(Exercise directions):
Images should be left out, and everything else in the listing reproduced exactly.

(Information shown):
== Segment start ==
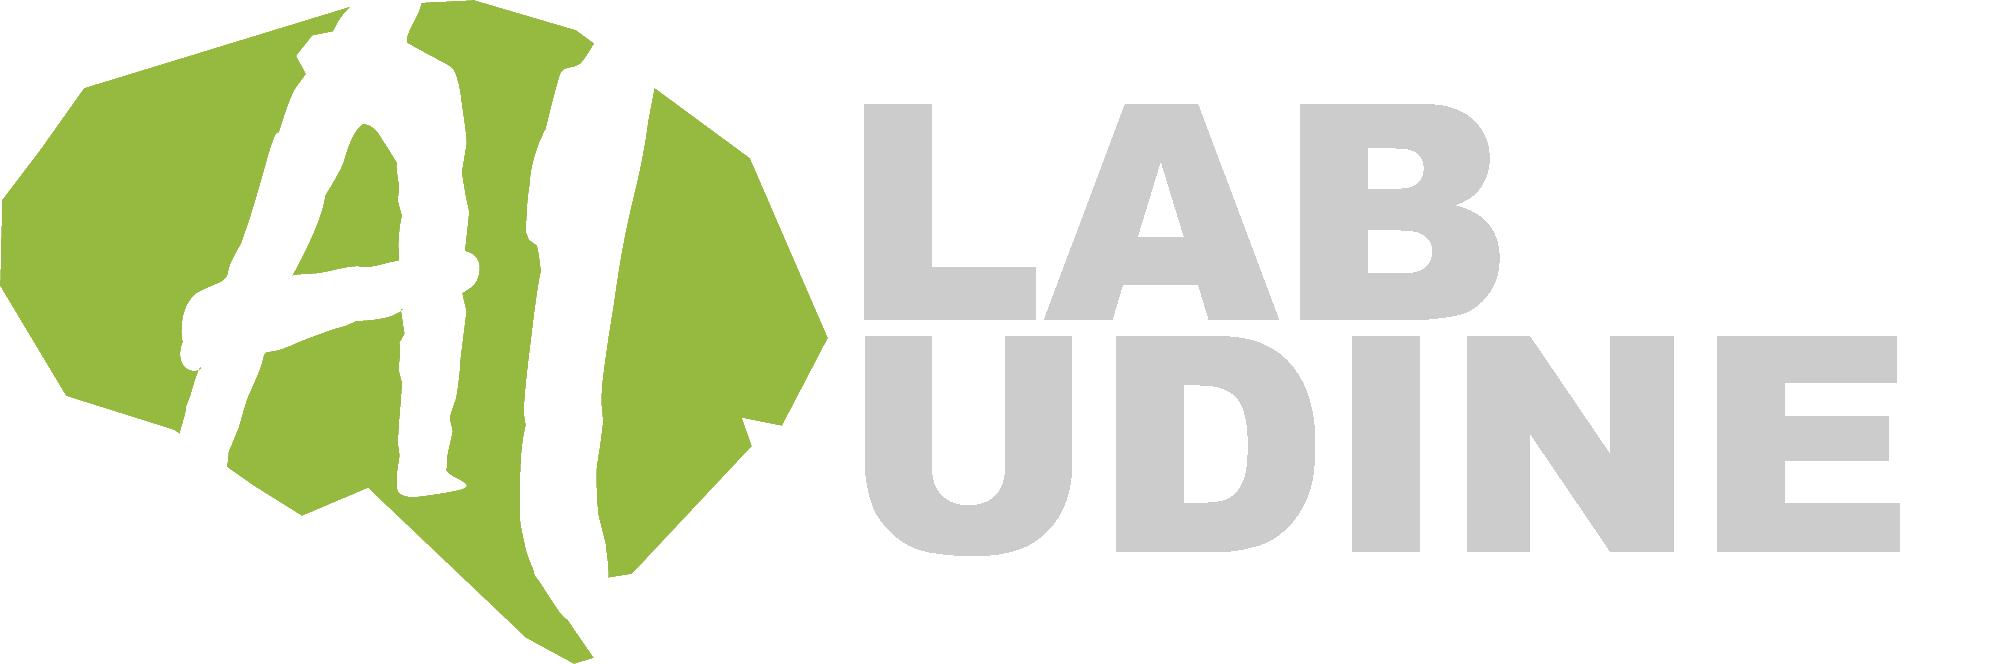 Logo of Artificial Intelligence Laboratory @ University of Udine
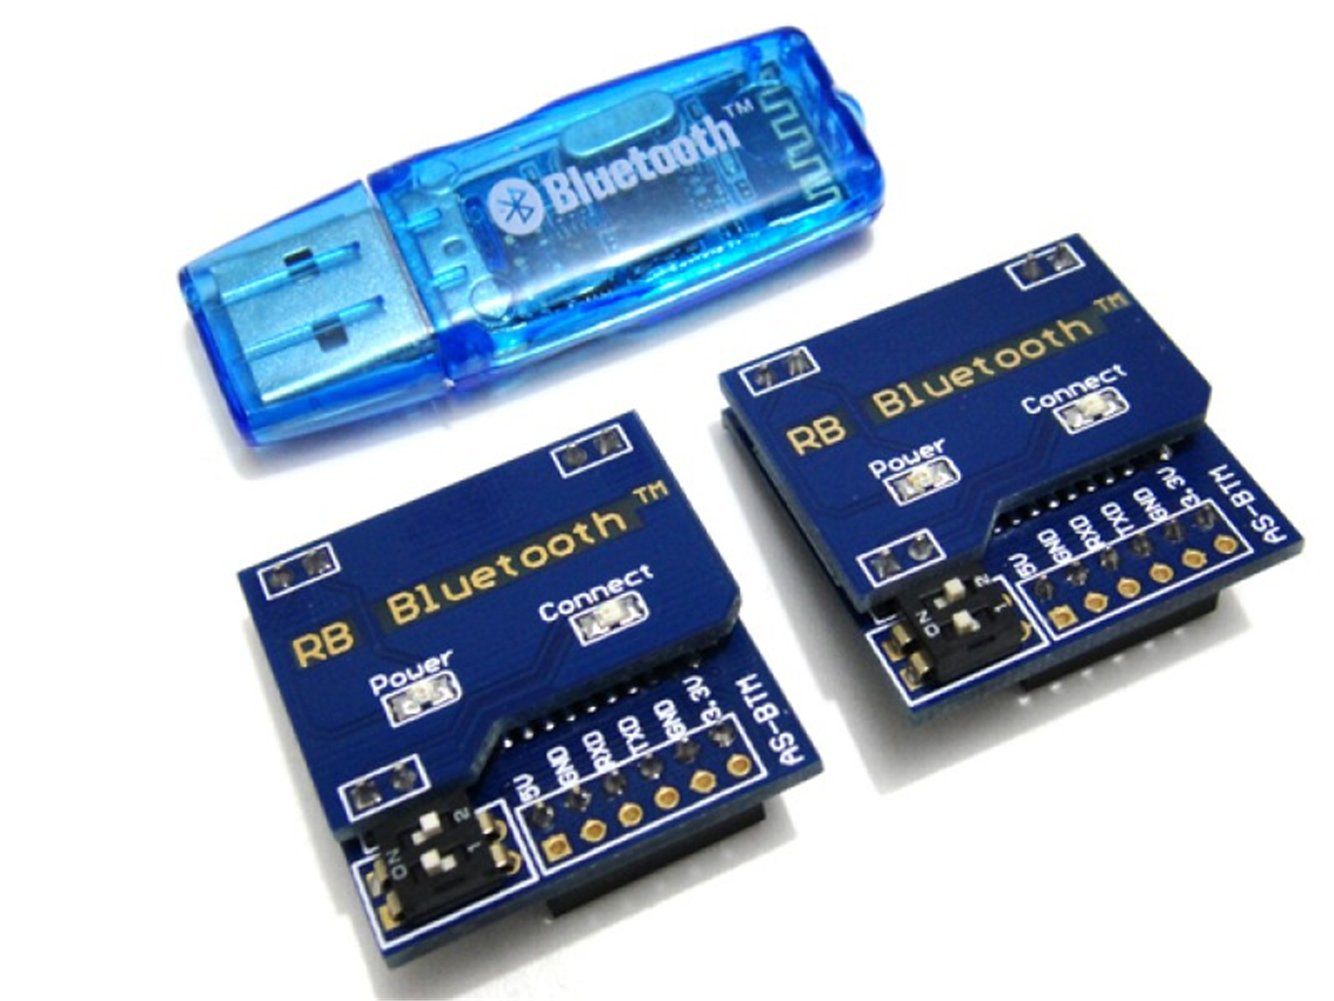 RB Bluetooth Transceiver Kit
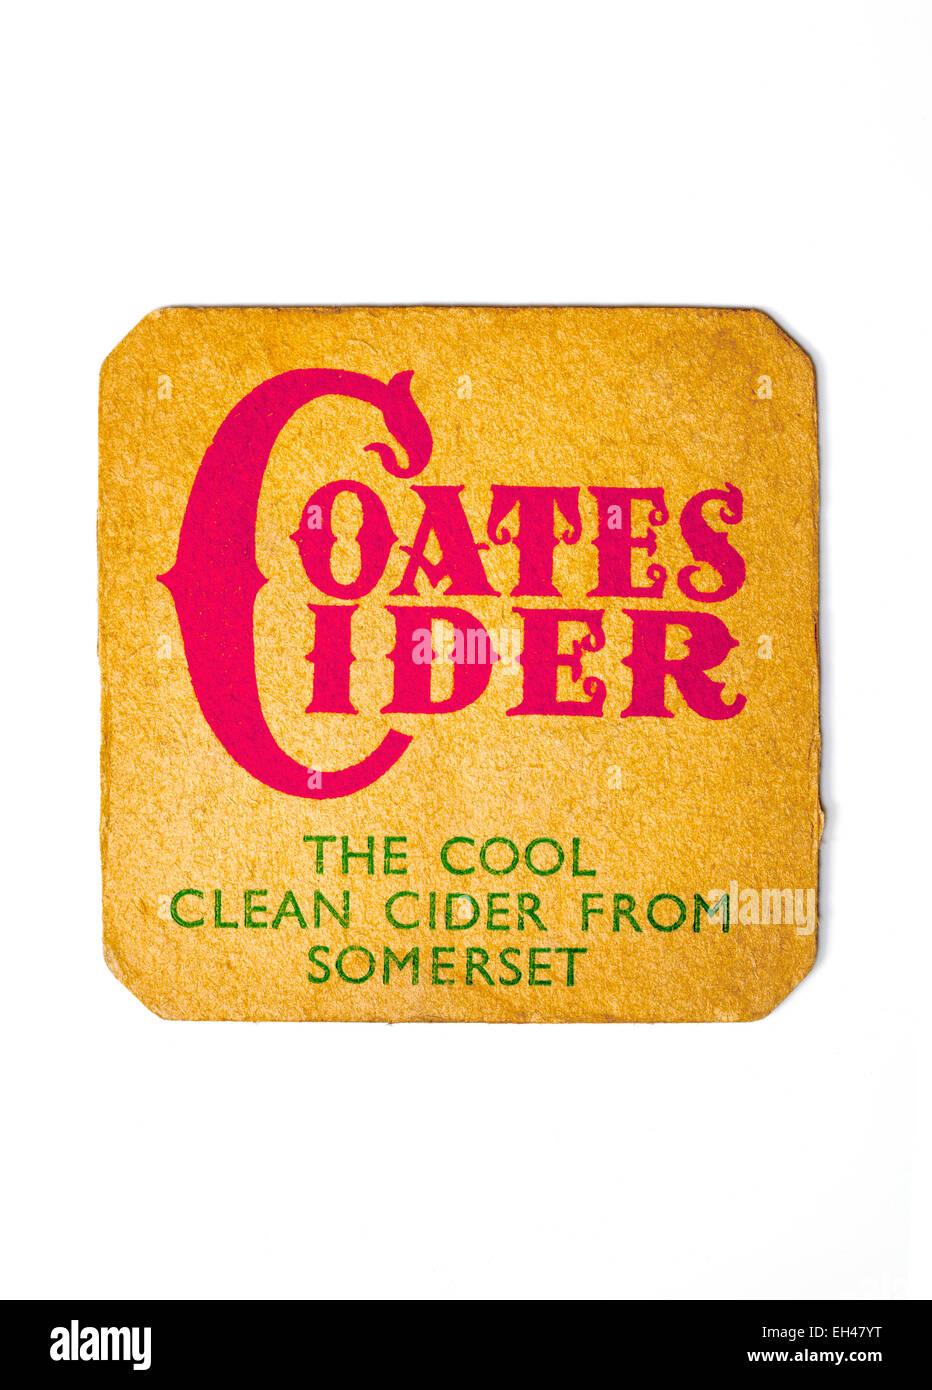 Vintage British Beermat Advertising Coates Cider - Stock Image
== Segment end ==
(Answer for the task):
 Logo of Artificial Intelligence Laboratory @ University of Udine
 RB Bluetooth Transceiver Kit
 Vintage British Beermat Advertising Coates Cider - Stock Image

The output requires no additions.